• **EXERCISE DATA**:

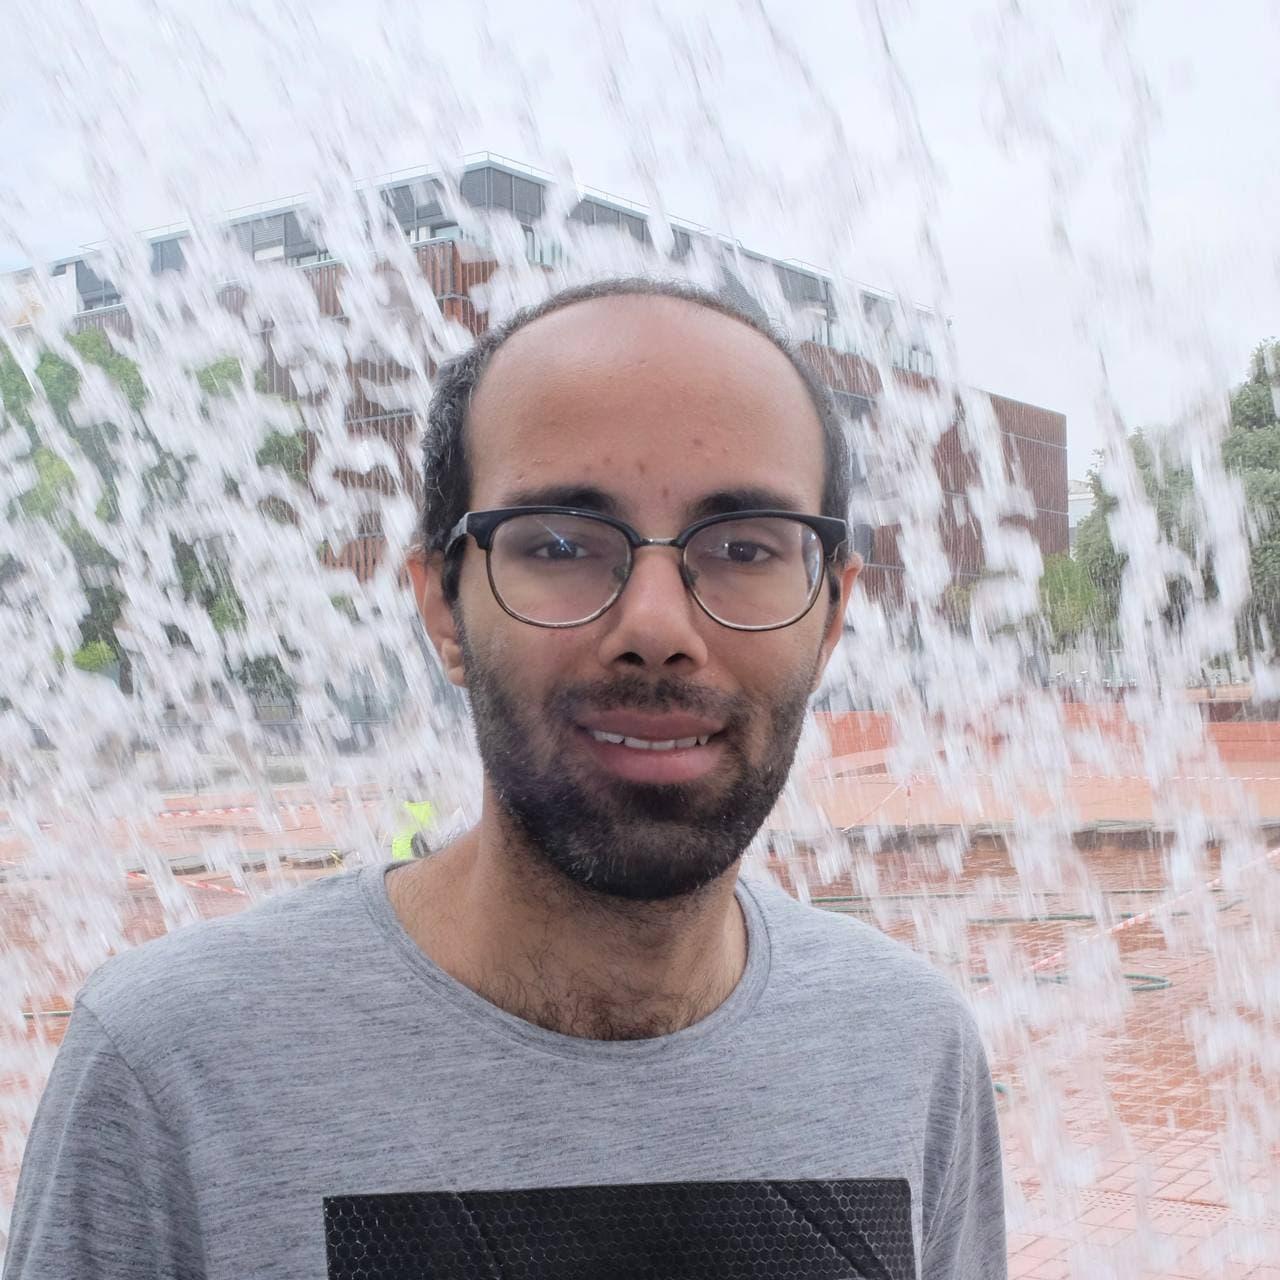 Aditya Khanduri
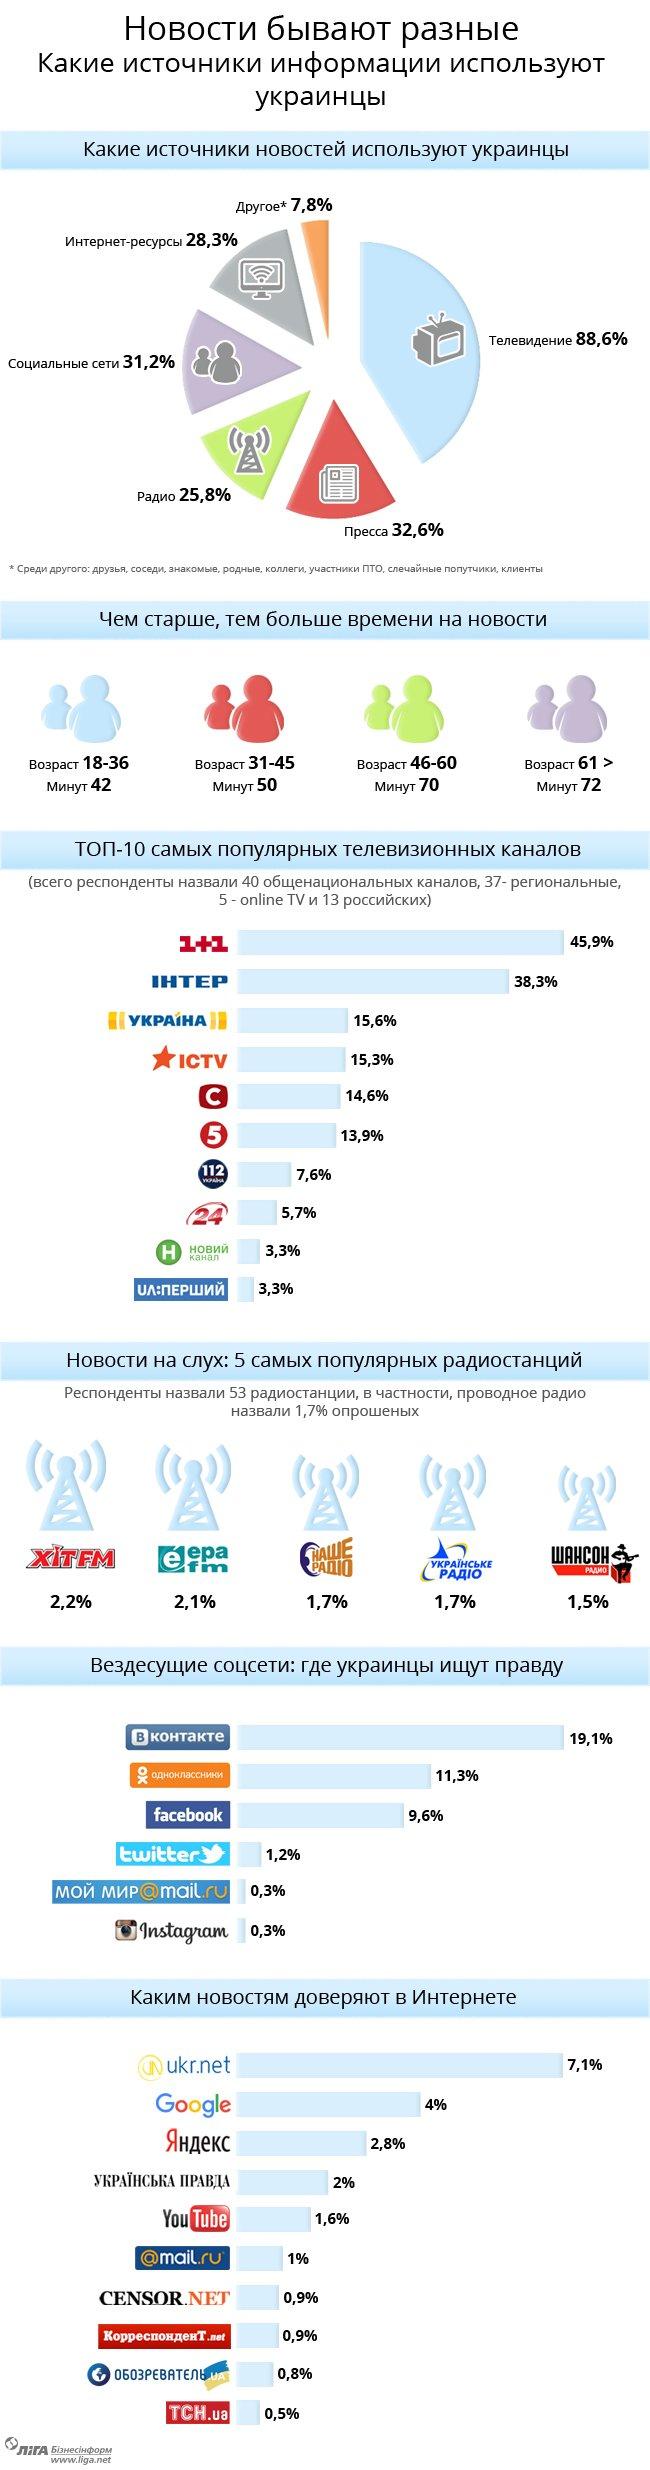 Какие источники информации используют украинцы (ИНФОГРАФИКА) (фото) - фото 1
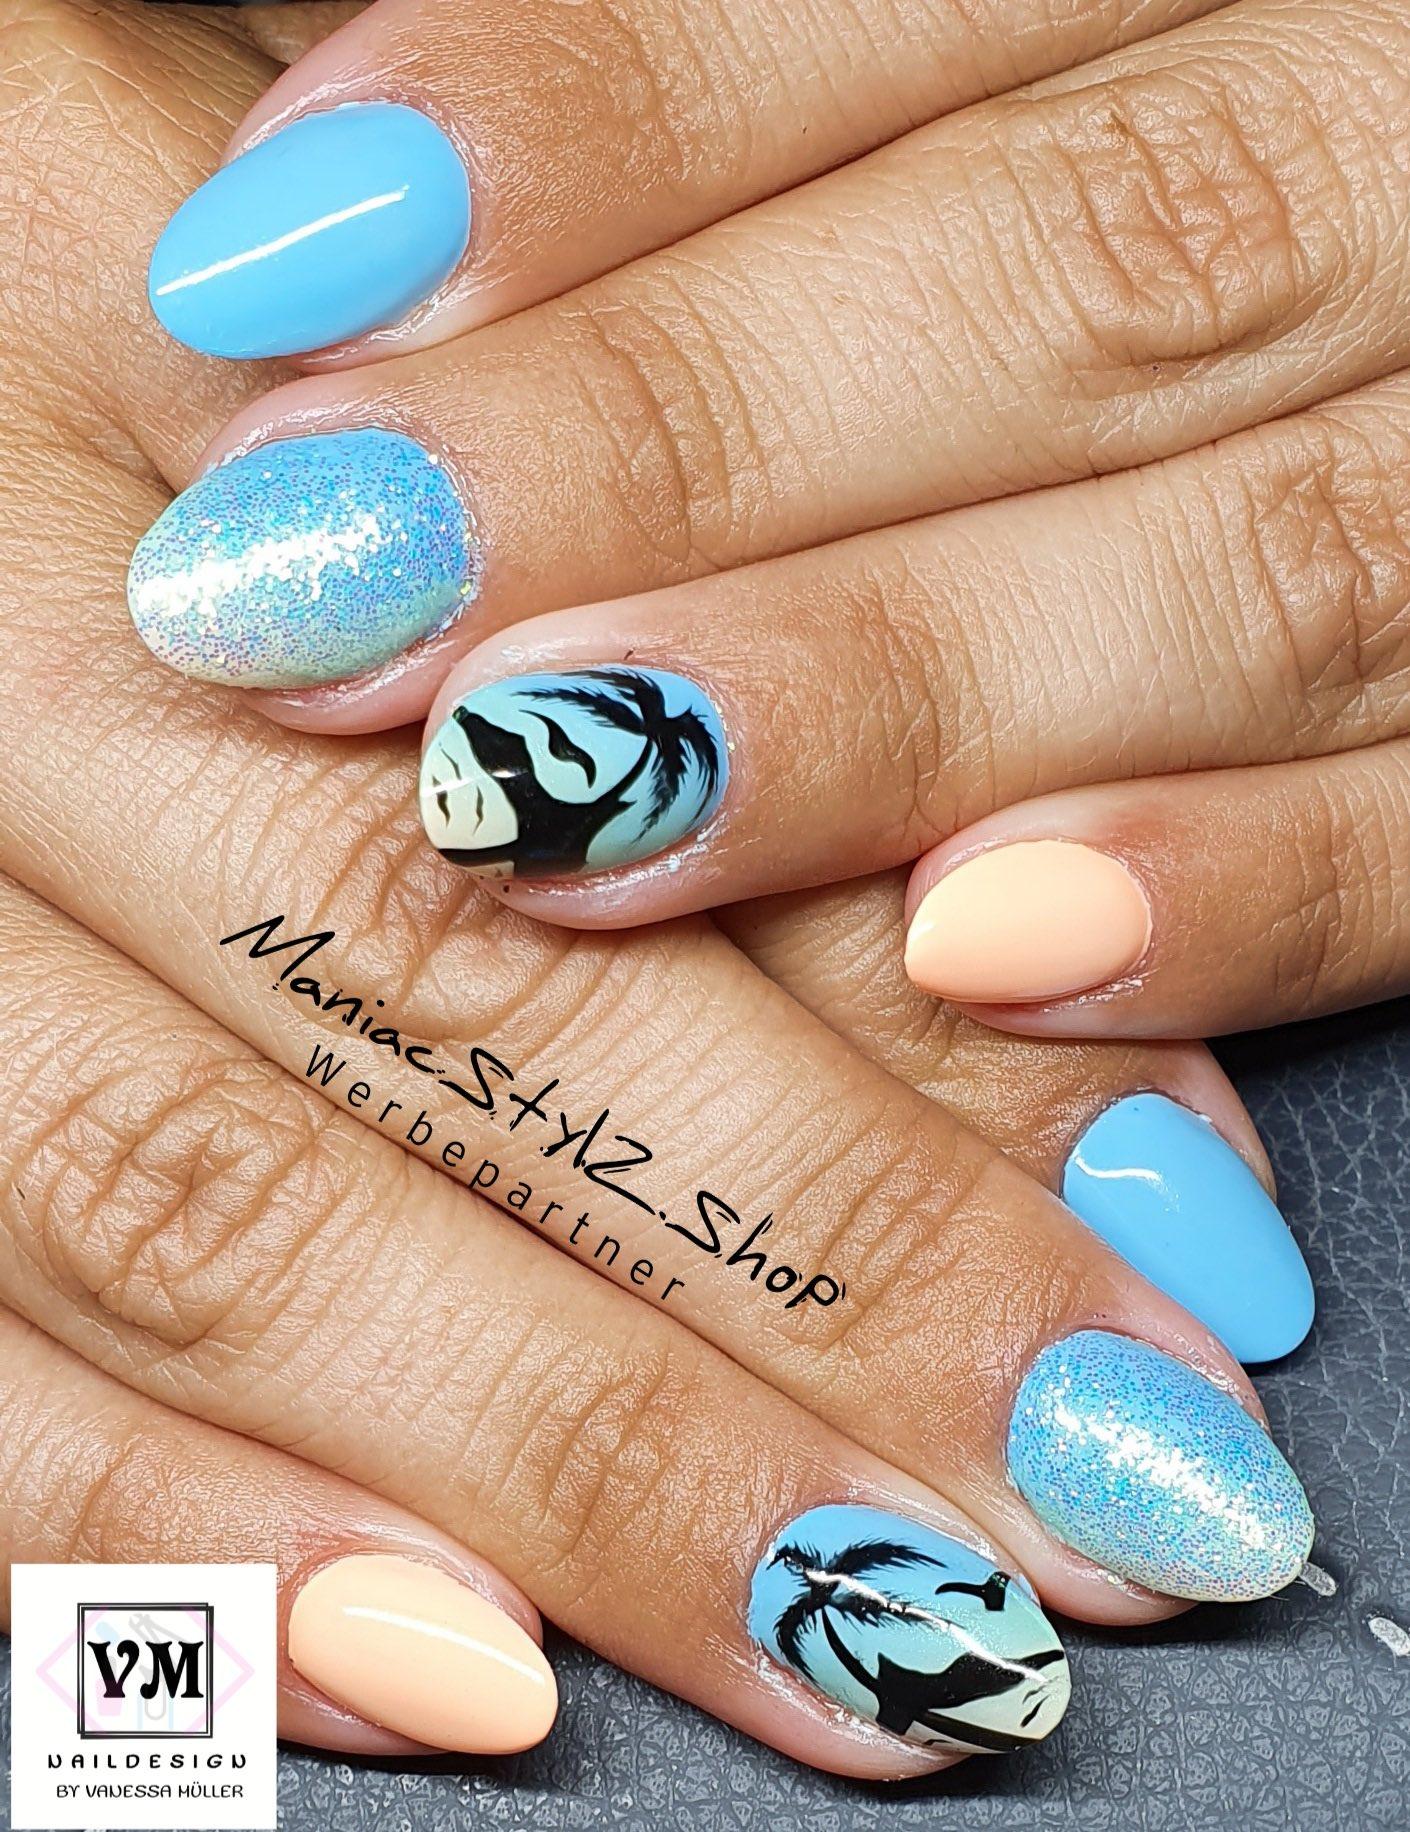 nagel design - maniac stylz 1

• **EXERCISE REQUIREMENTS**: Every line from the one containing "Какие источники информации" through the last line of the data, both included, is to be repeated exactly; the pictures are to be left out.

• **RESPONSE BOX**:
 Какие источники информации используют украинцы (ИНФОГРАФИКА) (фото) - фото 1
 nagel design - maniac stylz 1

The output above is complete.